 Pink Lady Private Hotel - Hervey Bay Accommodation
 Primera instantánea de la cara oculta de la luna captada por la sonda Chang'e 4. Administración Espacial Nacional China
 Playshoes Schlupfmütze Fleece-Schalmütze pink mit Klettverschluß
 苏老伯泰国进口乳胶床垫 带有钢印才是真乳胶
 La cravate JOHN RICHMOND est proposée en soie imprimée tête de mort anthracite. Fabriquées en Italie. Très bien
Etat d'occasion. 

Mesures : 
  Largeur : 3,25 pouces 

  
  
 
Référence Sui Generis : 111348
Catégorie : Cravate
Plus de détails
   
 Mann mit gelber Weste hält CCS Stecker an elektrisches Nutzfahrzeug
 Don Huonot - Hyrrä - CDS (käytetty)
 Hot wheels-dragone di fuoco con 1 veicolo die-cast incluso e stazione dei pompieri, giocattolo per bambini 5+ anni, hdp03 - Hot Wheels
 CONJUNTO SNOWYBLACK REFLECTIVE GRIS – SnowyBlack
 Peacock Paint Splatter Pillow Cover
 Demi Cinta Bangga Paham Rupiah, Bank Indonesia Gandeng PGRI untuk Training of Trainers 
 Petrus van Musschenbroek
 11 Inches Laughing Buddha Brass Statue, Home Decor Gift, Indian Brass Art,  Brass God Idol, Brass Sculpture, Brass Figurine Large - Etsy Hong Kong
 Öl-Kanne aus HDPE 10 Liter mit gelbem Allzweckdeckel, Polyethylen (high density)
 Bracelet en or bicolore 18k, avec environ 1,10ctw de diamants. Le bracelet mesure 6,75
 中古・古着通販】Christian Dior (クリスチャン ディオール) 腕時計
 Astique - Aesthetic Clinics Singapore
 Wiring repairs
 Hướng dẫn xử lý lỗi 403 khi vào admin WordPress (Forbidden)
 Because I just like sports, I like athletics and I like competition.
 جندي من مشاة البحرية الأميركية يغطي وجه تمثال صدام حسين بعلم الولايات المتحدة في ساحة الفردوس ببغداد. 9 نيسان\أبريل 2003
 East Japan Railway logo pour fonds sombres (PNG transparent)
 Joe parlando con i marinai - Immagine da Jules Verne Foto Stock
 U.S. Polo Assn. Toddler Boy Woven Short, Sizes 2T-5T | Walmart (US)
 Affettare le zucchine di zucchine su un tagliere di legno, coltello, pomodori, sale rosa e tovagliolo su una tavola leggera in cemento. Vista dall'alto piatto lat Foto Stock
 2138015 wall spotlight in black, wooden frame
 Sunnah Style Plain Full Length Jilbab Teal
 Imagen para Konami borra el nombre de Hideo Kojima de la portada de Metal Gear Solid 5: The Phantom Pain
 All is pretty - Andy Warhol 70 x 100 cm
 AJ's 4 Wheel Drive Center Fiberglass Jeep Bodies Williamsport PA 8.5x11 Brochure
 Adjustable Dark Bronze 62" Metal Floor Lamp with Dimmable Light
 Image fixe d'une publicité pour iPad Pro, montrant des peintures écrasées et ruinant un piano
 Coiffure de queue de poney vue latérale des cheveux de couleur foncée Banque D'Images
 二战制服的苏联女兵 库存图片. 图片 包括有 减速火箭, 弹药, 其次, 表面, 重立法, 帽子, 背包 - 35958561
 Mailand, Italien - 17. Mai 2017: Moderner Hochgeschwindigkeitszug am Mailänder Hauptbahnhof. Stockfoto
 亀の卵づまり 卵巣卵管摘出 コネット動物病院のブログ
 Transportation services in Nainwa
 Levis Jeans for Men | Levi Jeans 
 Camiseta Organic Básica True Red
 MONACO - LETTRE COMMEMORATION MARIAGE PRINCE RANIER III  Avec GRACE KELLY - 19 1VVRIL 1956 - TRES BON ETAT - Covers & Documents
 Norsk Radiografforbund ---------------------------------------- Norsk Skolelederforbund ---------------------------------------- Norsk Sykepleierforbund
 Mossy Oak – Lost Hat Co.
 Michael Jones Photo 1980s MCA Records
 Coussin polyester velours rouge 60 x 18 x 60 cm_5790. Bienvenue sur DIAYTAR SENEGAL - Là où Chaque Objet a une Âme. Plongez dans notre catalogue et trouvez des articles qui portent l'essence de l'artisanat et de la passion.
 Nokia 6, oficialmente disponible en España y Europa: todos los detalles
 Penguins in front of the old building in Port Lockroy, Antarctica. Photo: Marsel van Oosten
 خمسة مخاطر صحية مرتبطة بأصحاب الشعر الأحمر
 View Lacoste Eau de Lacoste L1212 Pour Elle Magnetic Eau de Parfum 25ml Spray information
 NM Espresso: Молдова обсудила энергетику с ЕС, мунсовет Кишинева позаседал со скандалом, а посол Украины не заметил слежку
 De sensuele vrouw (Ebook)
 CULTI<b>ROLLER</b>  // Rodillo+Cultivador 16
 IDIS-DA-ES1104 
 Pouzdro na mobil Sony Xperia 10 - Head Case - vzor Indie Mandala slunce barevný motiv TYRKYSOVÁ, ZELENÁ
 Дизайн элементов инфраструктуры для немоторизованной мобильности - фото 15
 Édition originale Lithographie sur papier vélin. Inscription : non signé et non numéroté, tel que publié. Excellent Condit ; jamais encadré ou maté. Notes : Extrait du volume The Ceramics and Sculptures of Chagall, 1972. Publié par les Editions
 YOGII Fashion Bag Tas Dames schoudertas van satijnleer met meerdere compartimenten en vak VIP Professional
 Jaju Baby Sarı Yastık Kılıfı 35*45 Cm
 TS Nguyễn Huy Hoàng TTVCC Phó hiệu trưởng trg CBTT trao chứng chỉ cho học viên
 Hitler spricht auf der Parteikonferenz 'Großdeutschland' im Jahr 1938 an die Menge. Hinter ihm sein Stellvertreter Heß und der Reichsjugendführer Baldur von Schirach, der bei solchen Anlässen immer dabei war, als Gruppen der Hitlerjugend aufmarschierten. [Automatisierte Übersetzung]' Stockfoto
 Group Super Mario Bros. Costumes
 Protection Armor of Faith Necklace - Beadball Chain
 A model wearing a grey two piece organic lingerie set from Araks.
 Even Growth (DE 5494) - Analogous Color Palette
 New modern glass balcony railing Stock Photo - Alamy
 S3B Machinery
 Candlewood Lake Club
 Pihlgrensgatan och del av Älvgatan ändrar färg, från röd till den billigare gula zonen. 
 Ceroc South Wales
+++++
If a line of the records above holds the word "Metal", show it.

 Imagen para Konami borra el nombre de Hideo Kojima de la portada de Metal Gear Solid 5: The Phantom Pain
 Adjustable Dark Bronze 62" Metal Floor Lamp with Dimmable Light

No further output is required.